We then ran a grid search across batch size and learning rate to optimize the performance of the DenseNet169 model. We found that a batch size of 32 and a learning rate of 1e-6 optimized performance for the DenseNet169 model. We also conducted an exhaustive search across our prediction threshold to optimize F1 score, and we found a threshold of 0.41 to optimize our performance. With these optimal hyperparameters, we then trained the DenseNet169 model on the full dataset for 6 epochs (approximately 30 hours of training time per epoch) and analyzed this final model on our testing data.
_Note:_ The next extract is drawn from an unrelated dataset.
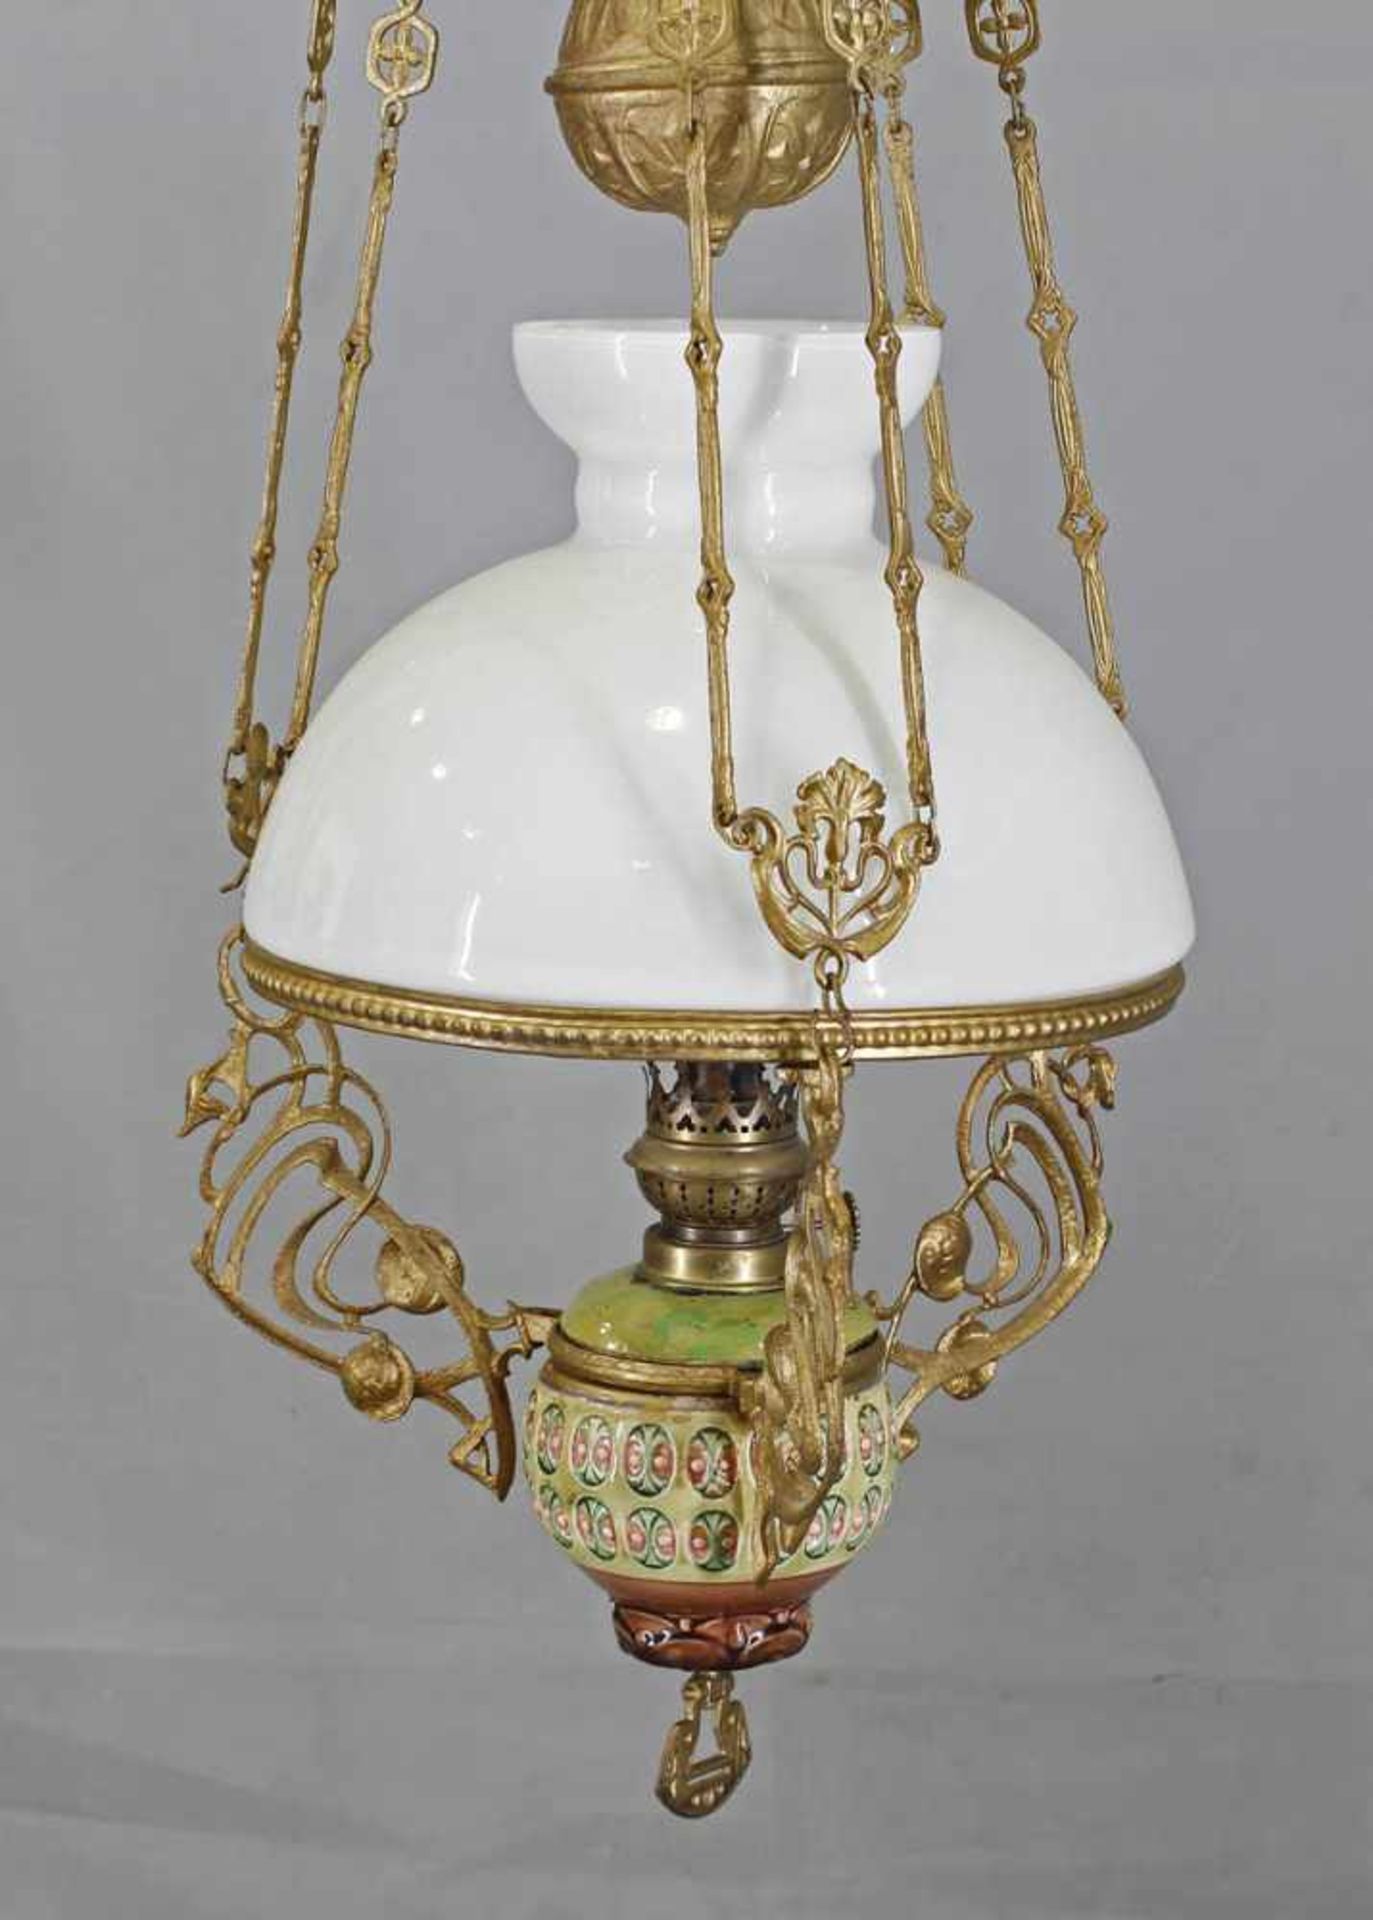 Petroleum- Deckenlampe Jugendstil.um 1900, goldfarben gefasstes Metallgestell mit Majolika- - Bild 2 aus 2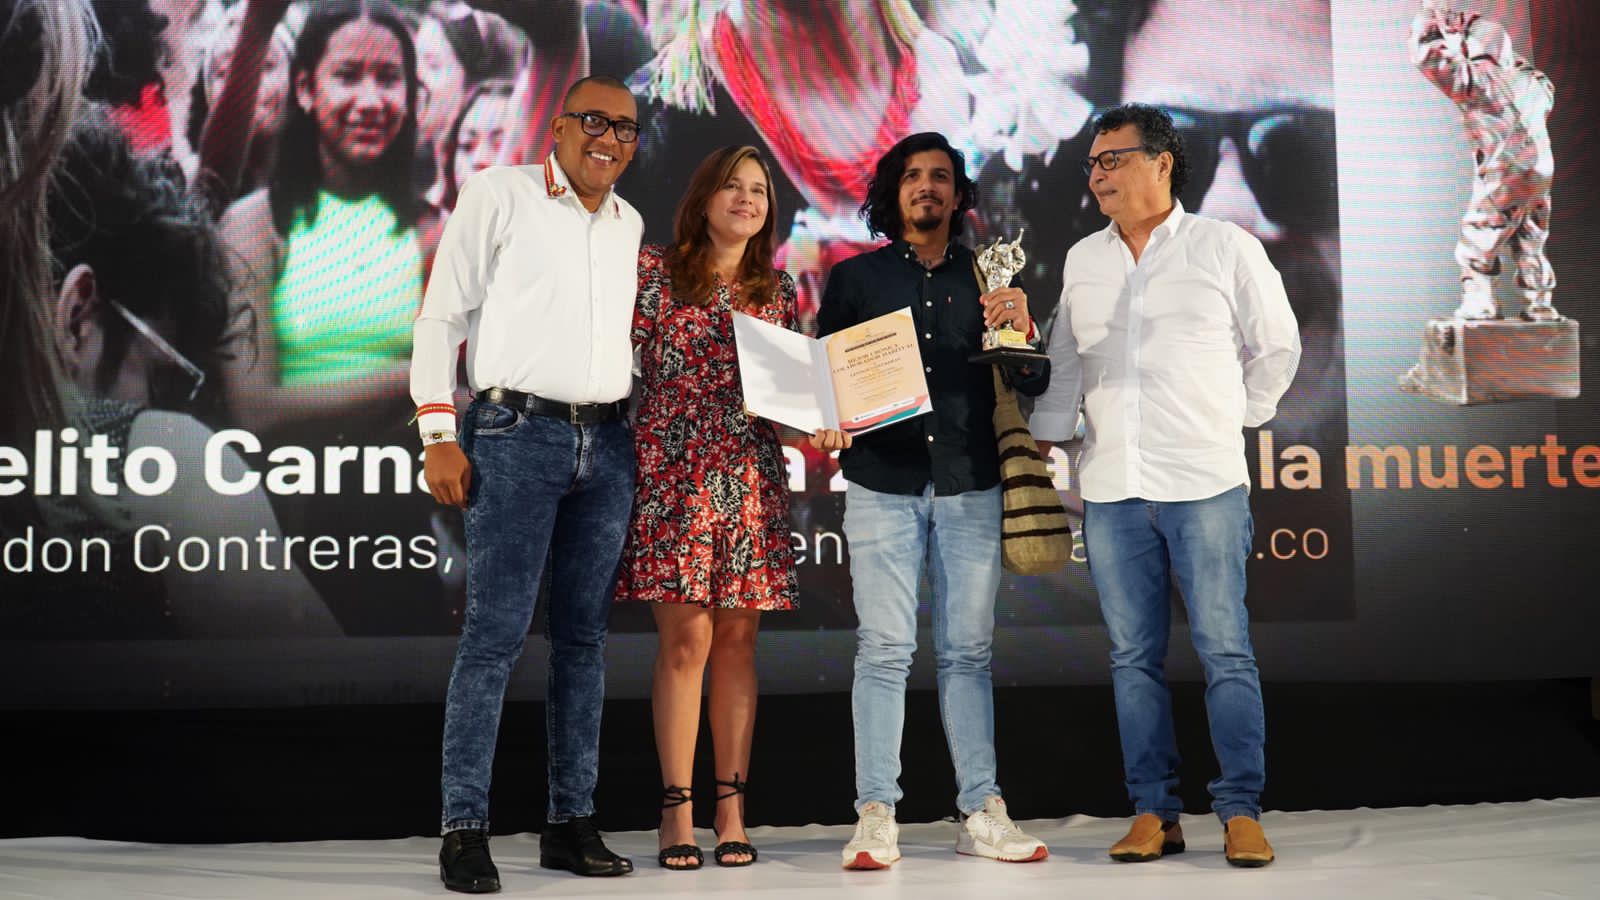 El premio Colaborador Habitual lo recibió Leydon Contreras de LaCháchara.co;

This allowed us to achieve a testing F1 score of 0.9528 and a testing AUROC of 0.9985. Performance of our final model on the testing set is summarized in Table 2
Table 2.
 
Class-Wise Test Metrics for Our Final Model (DenseNet169 Model With Recursive Averaging)
Table 2.
 
Class-Wise Test Metrics for Our Final Model (DenseNet169 Model With Recursive Averaging)
We also analyzed our model qualitatively. As can be seen in Supplementary Figure S1, which depicts the final model's instrument time course predictions and ground truth for a representative case, the predictions from our model appear similar to the actual instrument presence. 
Inference Time
We compared the average inference times of our top performing models. We used two GPUs to load each model and the testing data. The DenseNet169 model was fastest with an inference time of about 0.00598 seconds per frame (∼167 frames/sec). The ResNet was slightly slower with an inference time of about 0.00721 seconds per frame (∼143 frames/sec). The Ensemble classifier consisting of DenseNet169 and Inception-ResNet-V2 was slower with an inference time of about 0.0128 sec/frame (∼77 frames/sec). 
Discussion
Intuitively, the tools that are in use during a surgery are important in the outcome of the surgery. It then follows that the ability to identify which tools are currently in use is an important first step in building a video-based surgery assessment tool. Our intention with this study was to develop an efficient model with state-of-the-art performance in instrument identification to enable downstream processing for more complex recognition and assessment tasks. Our 190 video dataset, BigCat, was gathered with a full 30 frame/sec frame rate and full 1920 × 1080 frame resolution. This equates to 3,946,653 full resolution video frames. Compared to other recently gathered cataract video datasets, the dataset we present here, BigCat, is orders of magnitude larger.3 Many recent approaches downsample the frame rate of the videos considerably when training and testing on the data.2,3 With BigCat, every frame is annotated with instrument presence data, allowing for use of the full 30 frames per second when training and testing our models. See Table 1 for a comparison of BigCat between other reported datasets. 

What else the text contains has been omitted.